- PROBLEM DETAILS -
From the listing below, set down exactly the lines between the one holding "Set 10 pcs Unicorn" and the one holding "Flugzeug fliegt über Wald", inclusive. No other line is wanted.

- DATA PROVIDED -
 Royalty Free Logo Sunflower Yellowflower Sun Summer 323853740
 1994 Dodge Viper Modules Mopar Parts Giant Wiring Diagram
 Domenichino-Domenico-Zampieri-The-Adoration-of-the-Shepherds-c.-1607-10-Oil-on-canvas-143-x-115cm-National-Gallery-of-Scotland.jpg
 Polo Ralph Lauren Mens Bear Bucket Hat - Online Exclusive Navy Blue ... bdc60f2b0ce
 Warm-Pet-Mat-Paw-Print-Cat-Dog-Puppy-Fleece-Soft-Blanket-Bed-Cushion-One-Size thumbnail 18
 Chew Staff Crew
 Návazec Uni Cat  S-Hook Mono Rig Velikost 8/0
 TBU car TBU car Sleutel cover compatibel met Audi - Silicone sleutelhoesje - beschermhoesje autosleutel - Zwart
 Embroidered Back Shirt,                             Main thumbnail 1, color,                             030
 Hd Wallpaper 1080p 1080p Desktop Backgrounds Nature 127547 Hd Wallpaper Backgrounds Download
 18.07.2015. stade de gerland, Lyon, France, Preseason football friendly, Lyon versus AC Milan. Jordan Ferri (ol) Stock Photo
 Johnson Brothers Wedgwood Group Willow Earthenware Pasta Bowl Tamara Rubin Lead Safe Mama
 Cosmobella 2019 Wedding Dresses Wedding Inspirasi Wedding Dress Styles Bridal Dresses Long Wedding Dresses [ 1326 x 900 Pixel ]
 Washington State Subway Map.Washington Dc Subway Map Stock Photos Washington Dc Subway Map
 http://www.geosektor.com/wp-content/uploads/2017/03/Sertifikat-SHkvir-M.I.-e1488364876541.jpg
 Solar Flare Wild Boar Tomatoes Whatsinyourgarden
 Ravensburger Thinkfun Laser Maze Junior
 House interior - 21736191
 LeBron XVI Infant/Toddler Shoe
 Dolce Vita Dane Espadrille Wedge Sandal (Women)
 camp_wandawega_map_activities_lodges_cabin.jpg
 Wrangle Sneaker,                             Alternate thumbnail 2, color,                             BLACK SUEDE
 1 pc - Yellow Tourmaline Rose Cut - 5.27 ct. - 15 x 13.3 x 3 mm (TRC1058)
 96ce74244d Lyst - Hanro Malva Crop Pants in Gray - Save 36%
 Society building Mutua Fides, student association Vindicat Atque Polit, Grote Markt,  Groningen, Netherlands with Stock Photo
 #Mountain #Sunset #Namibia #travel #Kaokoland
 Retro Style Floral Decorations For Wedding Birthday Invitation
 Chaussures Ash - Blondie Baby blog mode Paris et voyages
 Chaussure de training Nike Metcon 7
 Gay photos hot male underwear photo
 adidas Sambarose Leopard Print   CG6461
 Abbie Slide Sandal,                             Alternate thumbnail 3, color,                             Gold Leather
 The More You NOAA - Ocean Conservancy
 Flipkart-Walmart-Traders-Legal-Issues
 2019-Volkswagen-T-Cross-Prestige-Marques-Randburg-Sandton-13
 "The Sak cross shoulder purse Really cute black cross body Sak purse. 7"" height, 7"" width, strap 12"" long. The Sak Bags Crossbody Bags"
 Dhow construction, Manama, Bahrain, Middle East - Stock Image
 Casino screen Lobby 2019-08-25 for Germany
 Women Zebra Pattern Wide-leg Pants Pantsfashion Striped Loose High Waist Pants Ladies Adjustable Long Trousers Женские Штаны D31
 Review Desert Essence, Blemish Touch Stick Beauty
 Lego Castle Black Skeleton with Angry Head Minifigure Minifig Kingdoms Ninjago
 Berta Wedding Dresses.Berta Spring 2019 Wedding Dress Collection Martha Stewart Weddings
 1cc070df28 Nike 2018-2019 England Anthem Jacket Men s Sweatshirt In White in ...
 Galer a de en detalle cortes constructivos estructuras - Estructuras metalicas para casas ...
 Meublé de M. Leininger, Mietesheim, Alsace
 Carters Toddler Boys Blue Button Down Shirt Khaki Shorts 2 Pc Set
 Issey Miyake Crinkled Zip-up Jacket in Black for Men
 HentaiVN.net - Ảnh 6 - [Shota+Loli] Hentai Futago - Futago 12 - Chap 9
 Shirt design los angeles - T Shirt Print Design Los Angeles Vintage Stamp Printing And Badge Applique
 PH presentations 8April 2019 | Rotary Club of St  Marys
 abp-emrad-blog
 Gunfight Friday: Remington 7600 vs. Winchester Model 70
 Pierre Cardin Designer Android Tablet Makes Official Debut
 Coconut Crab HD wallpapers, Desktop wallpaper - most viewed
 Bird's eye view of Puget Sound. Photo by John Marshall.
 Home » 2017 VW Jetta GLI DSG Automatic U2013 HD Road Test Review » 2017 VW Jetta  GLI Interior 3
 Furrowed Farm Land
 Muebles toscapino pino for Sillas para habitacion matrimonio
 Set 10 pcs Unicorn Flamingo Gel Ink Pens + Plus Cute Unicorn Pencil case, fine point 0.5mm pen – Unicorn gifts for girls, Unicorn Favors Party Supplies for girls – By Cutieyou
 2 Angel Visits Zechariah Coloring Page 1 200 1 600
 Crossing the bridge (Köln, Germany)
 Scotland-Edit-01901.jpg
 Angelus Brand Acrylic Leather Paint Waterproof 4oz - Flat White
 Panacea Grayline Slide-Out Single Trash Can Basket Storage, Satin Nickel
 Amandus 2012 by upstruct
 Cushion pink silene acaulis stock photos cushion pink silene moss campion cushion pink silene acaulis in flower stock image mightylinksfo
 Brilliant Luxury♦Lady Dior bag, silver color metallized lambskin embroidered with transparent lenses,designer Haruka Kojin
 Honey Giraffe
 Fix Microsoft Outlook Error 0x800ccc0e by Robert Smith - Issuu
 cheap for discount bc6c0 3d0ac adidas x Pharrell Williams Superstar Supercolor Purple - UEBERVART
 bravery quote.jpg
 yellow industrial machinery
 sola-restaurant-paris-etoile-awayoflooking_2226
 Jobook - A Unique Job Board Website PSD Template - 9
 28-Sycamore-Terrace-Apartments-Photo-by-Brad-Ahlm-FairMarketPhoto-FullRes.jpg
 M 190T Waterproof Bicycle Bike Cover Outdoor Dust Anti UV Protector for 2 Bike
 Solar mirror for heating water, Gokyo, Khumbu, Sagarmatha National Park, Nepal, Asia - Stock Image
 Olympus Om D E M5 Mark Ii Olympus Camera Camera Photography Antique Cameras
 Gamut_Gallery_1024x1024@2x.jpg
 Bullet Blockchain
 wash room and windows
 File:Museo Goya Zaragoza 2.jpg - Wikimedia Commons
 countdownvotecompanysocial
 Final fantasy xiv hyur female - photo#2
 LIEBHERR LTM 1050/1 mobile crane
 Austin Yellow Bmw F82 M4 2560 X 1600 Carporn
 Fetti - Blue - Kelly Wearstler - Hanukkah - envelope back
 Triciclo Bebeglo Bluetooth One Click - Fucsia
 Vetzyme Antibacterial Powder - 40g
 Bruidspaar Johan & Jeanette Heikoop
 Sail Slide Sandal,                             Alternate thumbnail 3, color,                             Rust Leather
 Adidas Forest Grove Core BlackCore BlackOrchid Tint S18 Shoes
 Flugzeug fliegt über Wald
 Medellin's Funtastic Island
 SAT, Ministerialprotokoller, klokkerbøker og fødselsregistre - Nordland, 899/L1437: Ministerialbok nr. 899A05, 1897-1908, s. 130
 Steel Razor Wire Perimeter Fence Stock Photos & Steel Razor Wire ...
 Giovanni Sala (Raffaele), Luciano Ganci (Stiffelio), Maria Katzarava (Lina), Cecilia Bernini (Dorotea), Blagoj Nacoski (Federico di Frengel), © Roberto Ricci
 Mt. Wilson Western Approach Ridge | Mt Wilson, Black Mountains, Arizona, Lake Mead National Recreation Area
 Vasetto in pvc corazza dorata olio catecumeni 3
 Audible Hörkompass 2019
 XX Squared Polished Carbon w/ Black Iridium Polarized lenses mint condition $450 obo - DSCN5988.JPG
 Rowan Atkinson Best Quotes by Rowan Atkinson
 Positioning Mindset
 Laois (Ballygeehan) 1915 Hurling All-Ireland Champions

- EXERCISE RESULT -
 Set 10 pcs Unicorn Flamingo Gel Ink Pens + Plus Cute Unicorn Pencil case, fine point 0.5mm pen – Unicorn gifts for girls, Unicorn Favors Party Supplies for girls – By Cutieyou
 2 Angel Visits Zechariah Coloring Page 1 200 1 600
 Crossing the bridge (Köln, Germany)
 Scotland-Edit-01901.jpg
 Angelus Brand Acrylic Leather Paint Waterproof 4oz - Flat White
 Panacea Grayline Slide-Out Single Trash Can Basket Storage, Satin Nickel
 Amandus 2012 by upstruct
 Cushion pink silene acaulis stock photos cushion pink silene moss campion cushion pink silene acaulis in flower stock image mightylinksfo
 Brilliant Luxury♦Lady Dior bag, silver color metallized lambskin embroidered with transparent lenses,designer Haruka Kojin
 Honey Giraffe
 Fix Microsoft Outlook Error 0x800ccc0e by Robert Smith - Issuu
 cheap for discount bc6c0 3d0ac adidas x Pharrell Williams Superstar Supercolor Purple - UEBERVART
 bravery quote.jpg
 yellow industrial machinery
 sola-restaurant-paris-etoile-awayoflooking_2226
 Jobook - A Unique Job Board Website PSD Template - 9
 28-Sycamore-Terrace-Apartments-Photo-by-Brad-Ahlm-FairMarketPhoto-FullRes.jpg
 M 190T Waterproof Bicycle Bike Cover Outdoor Dust Anti UV Protector for 2 Bike
 Solar mirror for heating water, Gokyo, Khumbu, Sagarmatha National Park, Nepal, Asia - Stock Image
 Olympus Om D E M5 Mark Ii Olympus Camera Camera Photography Antique Cameras
 Gamut_Gallery_1024x1024@2x.jpg
 Bullet Blockchain
 wash room and windows
 File:Museo Goya Zaragoza 2.jpg - Wikimedia Commons
 countdownvotecompanysocial
 Final fantasy xiv hyur female - photo#2
 LIEBHERR LTM 1050/1 mobile crane
 Austin Yellow Bmw F82 M4 2560 X 1600 Carporn
 Fetti - Blue - Kelly Wearstler - Hanukkah - envelope back
 Triciclo Bebeglo Bluetooth One Click - Fucsia
 Vetzyme Antibacterial Powder - 40g
 Bruidspaar Johan & Jeanette Heikoop
 Sail Slide Sandal,                             Alternate thumbnail 3, color,                             Rust Leather
 Adidas Forest Grove Core BlackCore BlackOrchid Tint S18 Shoes
 Flugzeug fliegt über Wald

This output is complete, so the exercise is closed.